Painter and multi media artist Miranda Parkes once said that art making was “an offering” to the viewer. Since Christchurch based Parkes finished art school with a Masters in Fine Arts with Distinction, she has been offering the viewer an ever changing, expanding, and exuberant painterly body of work. Says Parkes, “The work is really about the process of making and it comes from that object base.” “Im dealing with how things feel and their weight and texture as well as how they look and it’s a bodily process.”

 

Her colours are bright and joyous. Fluorescent hues, confectionary like pastels, acidic and other high key colours combine and swirl. Her colours wriggle and jostle or (as in her site specific works) stand proud against the backdrop of the greyness of life.
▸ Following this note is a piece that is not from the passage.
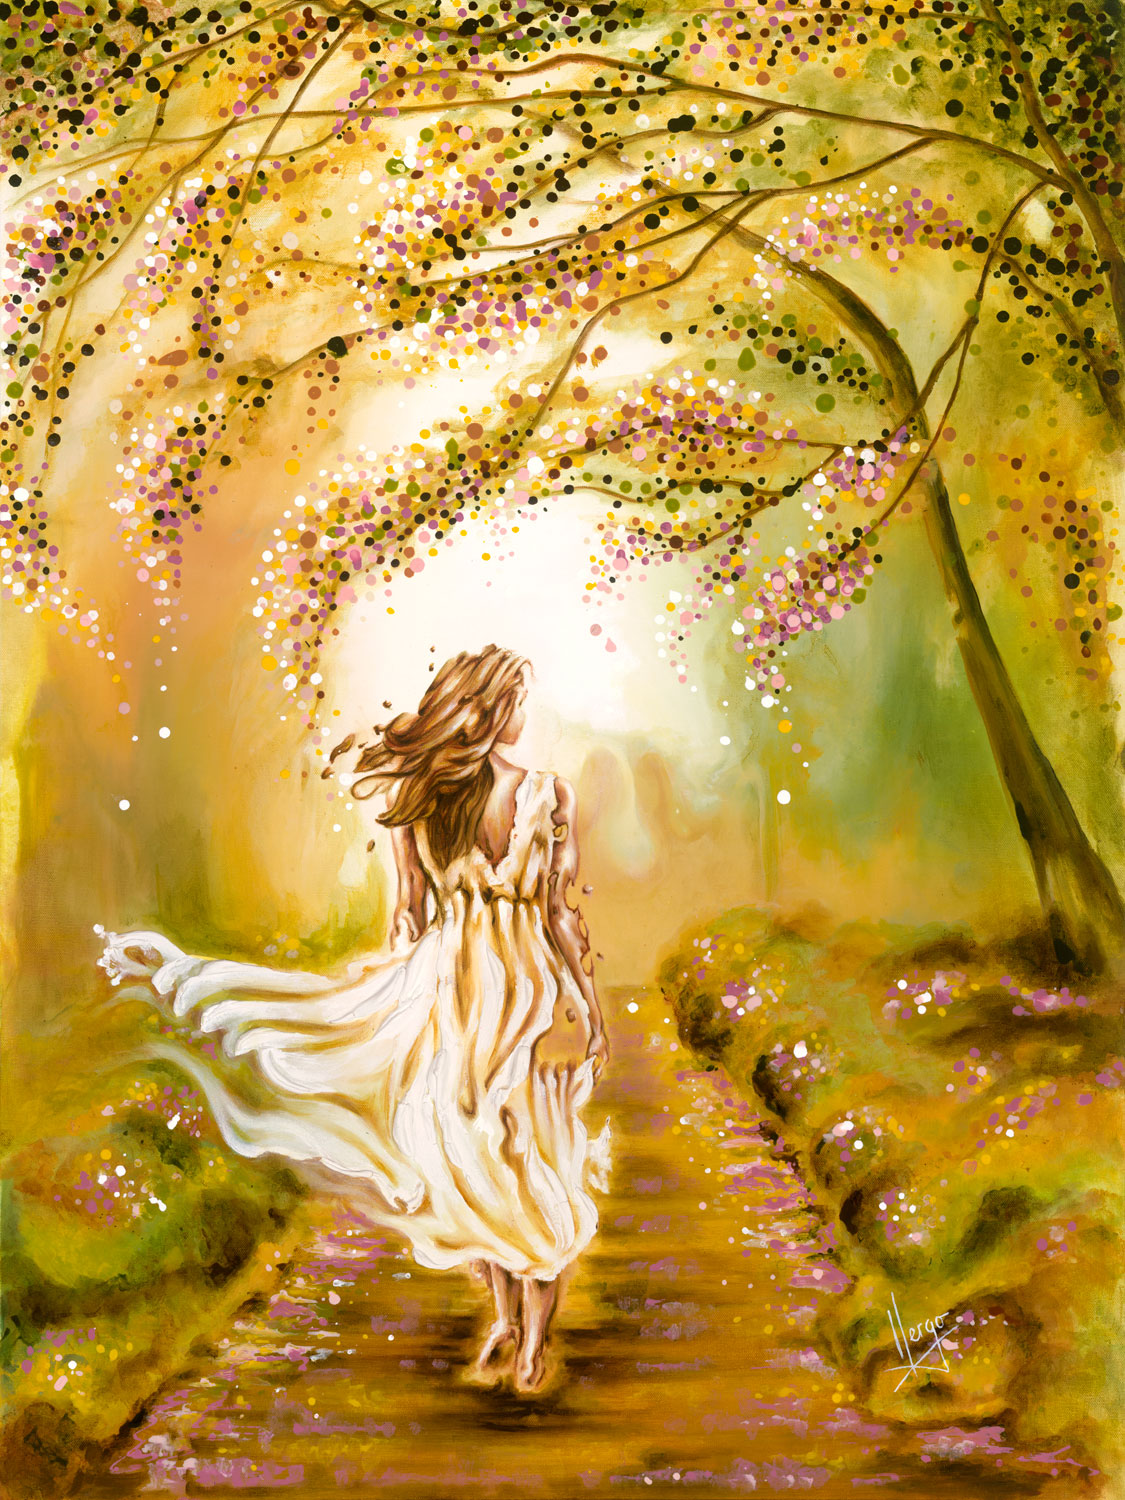 "A Walk in the Park" figure painting of a woman walking in a park in the spring with white dress

An example of this is in her series for Scape7 in 2013. In her site specific work, Fielder, Parkes placed large ‘billboards’ of colour within the sad greyness of post earthquake Christchurch. Although seemingly solid, these works have an open like grid structure, so it appears that the colours almost melt into the environment. At other times, Parkes’s works may be small, but pack the same punch. Almost jewel like in their glistening intensity, they draw us inwards towards an inner explosion of delight.

Some say that after Modernism, painting lost its way. Parkes, however, is opening up a new conversation about art history and how it relates to contemporary life. In her works, many art history references can be found. From Frank Stella’s collages, Elizabeth Murray’s shaped canvases, to Matisse’s brilliant hues, each of Parkes’s works invents new ways to see and explore.

 

Is Miranda Parkes a sculptural painter or a painterly sculptor?  Either way, she has broadened her use of materials to include ceramics, video, poetry, site-specific sculpture, collage, works on pallet, perspex, paper mache, the use of gold and silver leaf, pen and ink, drop sheets, hand dyed silks… the list is endless. All reflect her ability to manipulate paint, colour and form, and to express the contemporary, the joyful, and the use of the body. Parkes says of her works: ”Im dealing with how things feel…their weight and texture as well as how they look and its quite a bodily process”. 

 

When Parkes first began her practice, she became widely celebrated for her so called “Scrunchie” paintings. One day, after working on a large yellow painting, she became frustrated at the lifelessness of the work. So she kicked the frame and it twisted and folded in on itself. Thus, the process of the scrunchie painting was born. Based loosely around a grid like form and bold colour, they are painted flat on the ground and then physically crumpled, squashed, and compressed. These works burst forth with confectionary coloured exuberance and sensuality.

 

Whatever direction Parkes takes in the future, the word ‘trailblazer’ comes to mind. Either large or small, off the wall or walking around a wall, Parke’s artworks offers us a visionary way of seeing and interpreting the contemporary world around us. 

 

Miranda Parkes graduated with a Master of Fine Arts (distinction) in painting from the University of Canterbury School of Fine Arts in 2005. She had her first solo exhibition in 2003 and has since exhibited throughout New Zealand and abroad. Parkes was artist-in-residence at Tylee Cottage, Whanganui, in 2009, and was the William Hodges Fellow in Southland in 2007. She was the 2013 recipient of the Olivia Spencer Bower Foundation Art Award, Christchurch and in 2016 was the Frances Hodgkins Fellow at the University of Otago, Dunedin.